The STH genotyping and DNA extraction of the non-AD cases (n = 32) was carried out as above and included clinically and/or pathologically diagnosed subjects with dementia lacking distinctive histopathology (n = 7), FTP (n = 4), Pick's disease (n = 9), PSP (n = 6), corticobasal degeneration (n = 4), and amyotrophic lateral sclerosis (n = 1).
APOE genotyping was carried out as described (9). The Fisher's Exact test was used for the comparisons of the allele and genotype frequencies for the groups included.

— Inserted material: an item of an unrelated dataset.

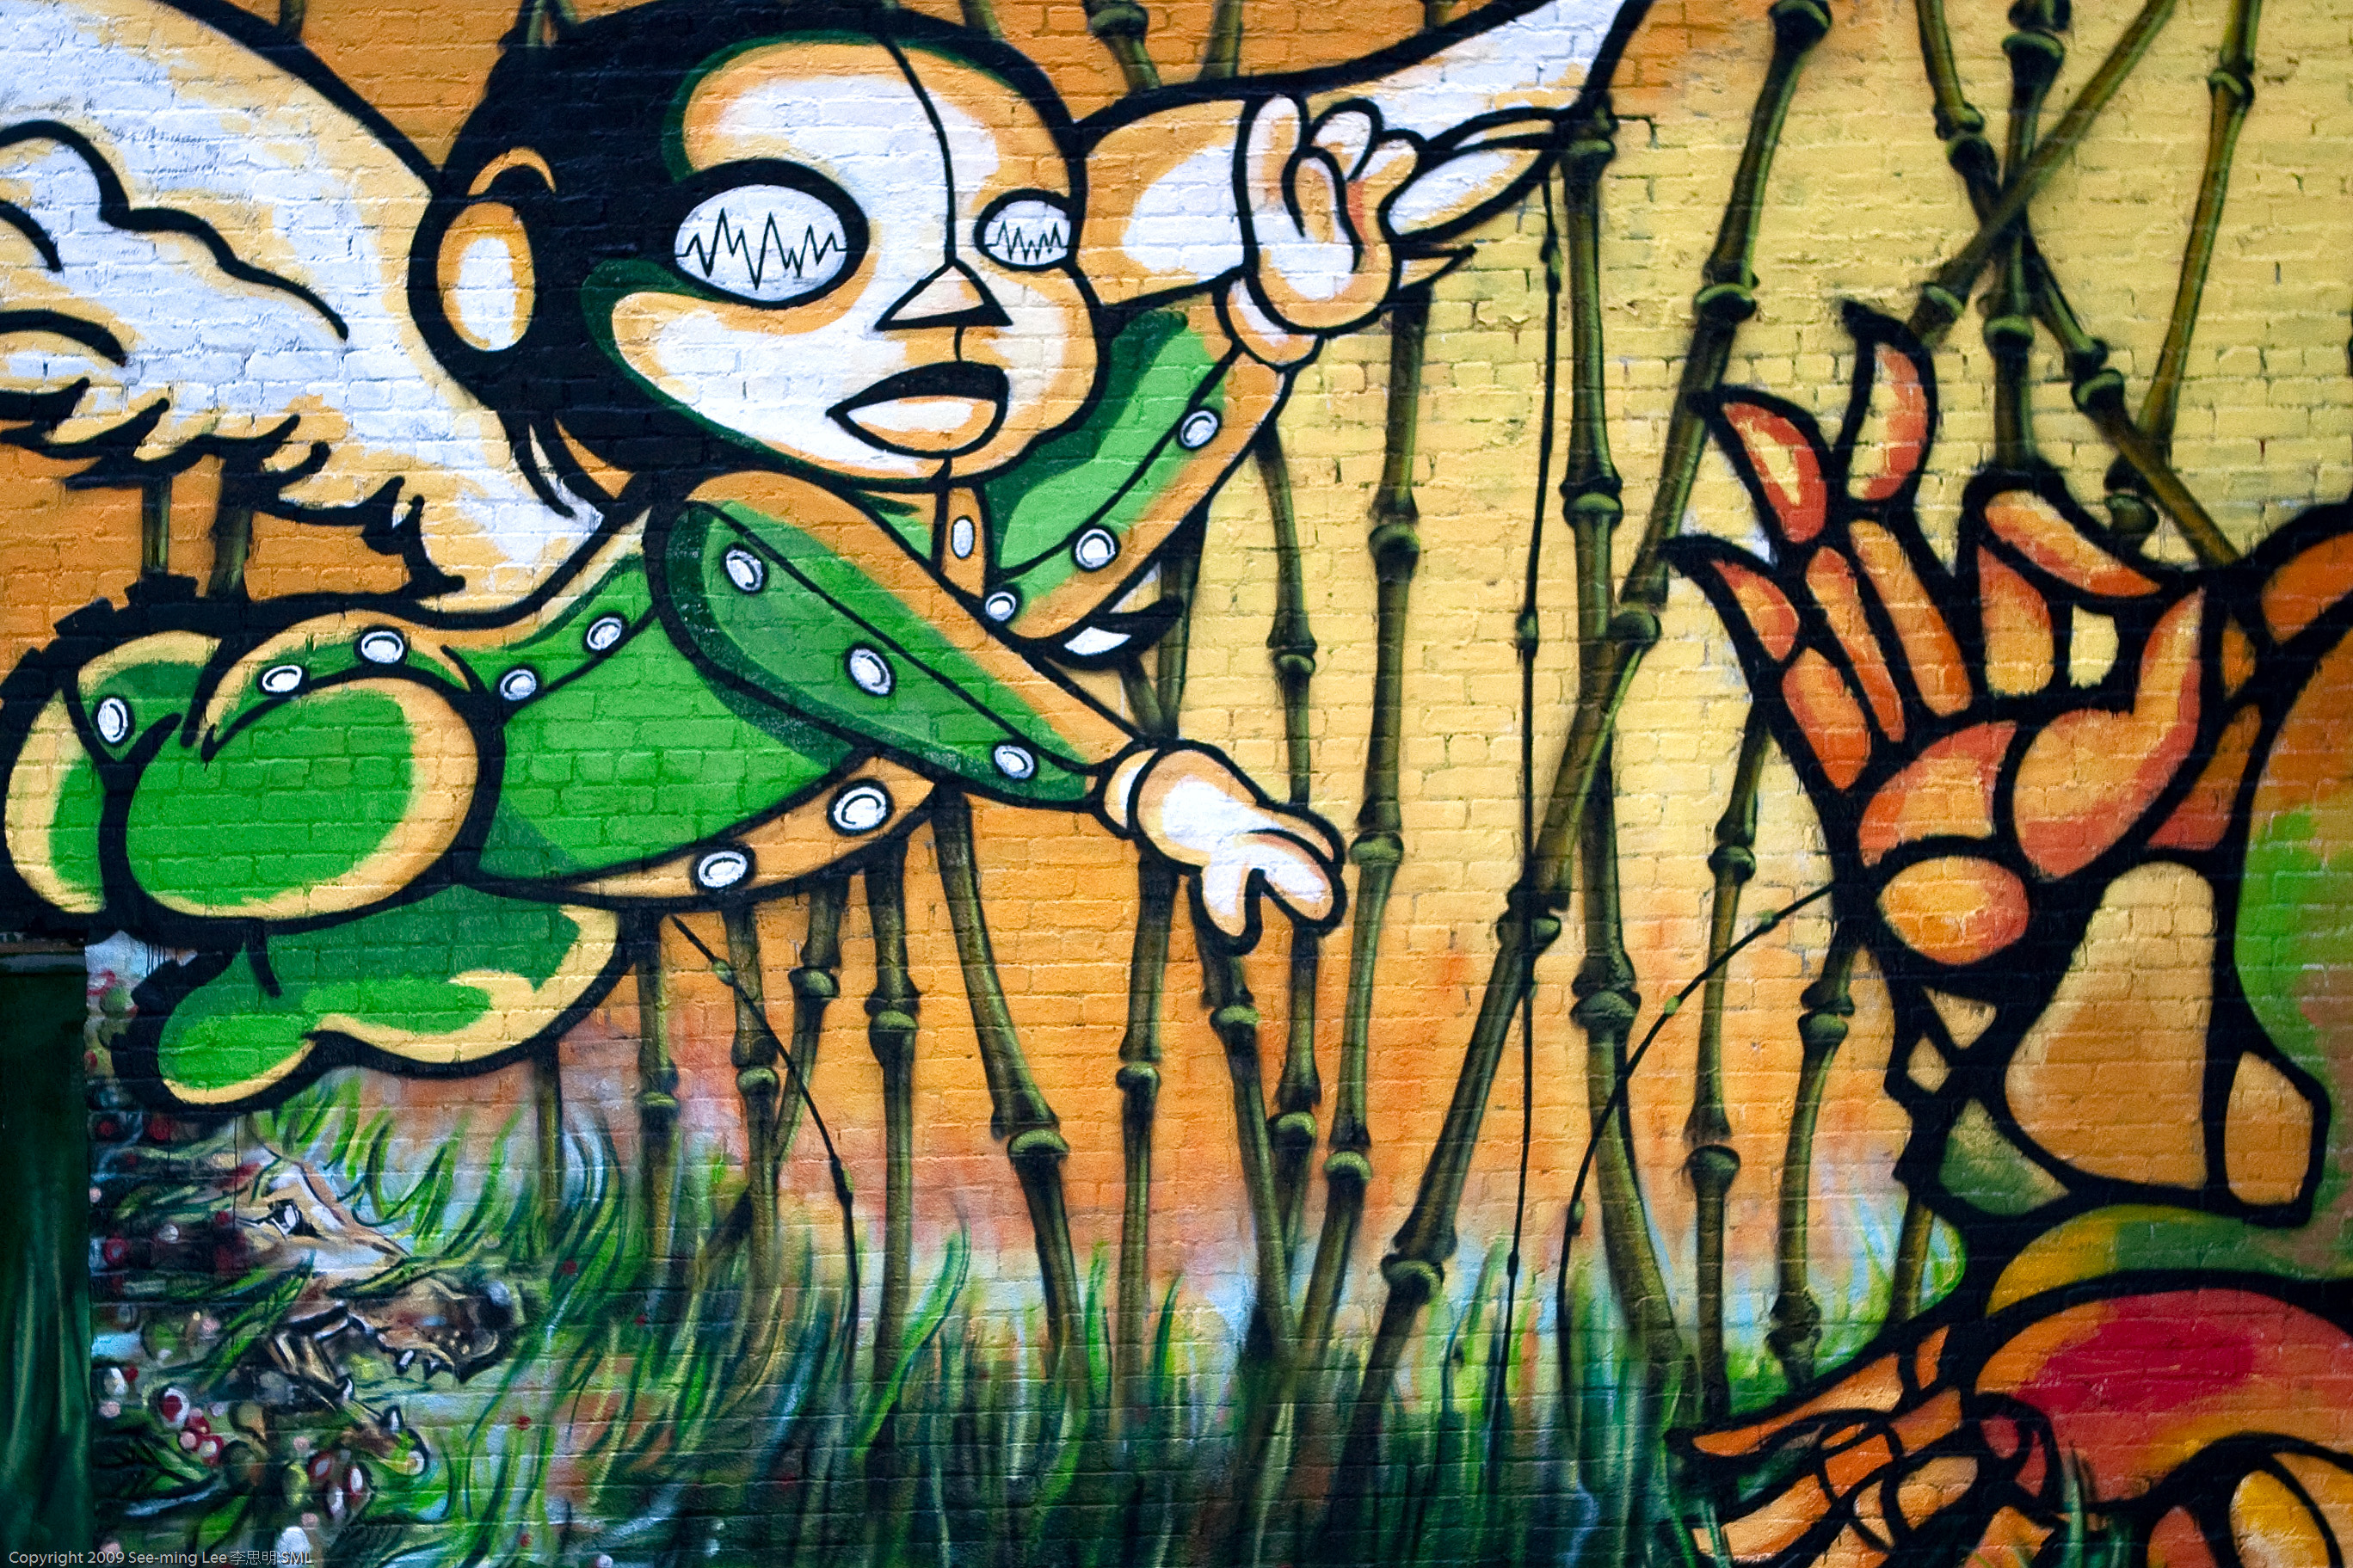 Dumbo Graffiti / Dumbo Arts Center: Art Under the Bridge Festiva

MAb Generation and Immunoblot Analyses.
Saitohin monoclonal antibodies: 11F11 (IgG2B), TS6 (IgM), and 10B3 (IgM) were generated as described by immunizing mice with both recombinant and synthetic peptides of the amino acids 8–24 and 112–128 of the Saitohin protein (10). Brain protein samples of normal (NC) and AD subjects with the QQ, QR, and RR genotypes were homogenized in 1XTBS (2 mM PMSF), and STH was partially purified by size fractionation. Subsequently, the prepared samples were incubated in a urea sample buffer for 30 min at 37°C and were run on a SDS/15% PAGE gel. Enhanced chemiluminescence immunoblot analysis was performed by using described protocols (10).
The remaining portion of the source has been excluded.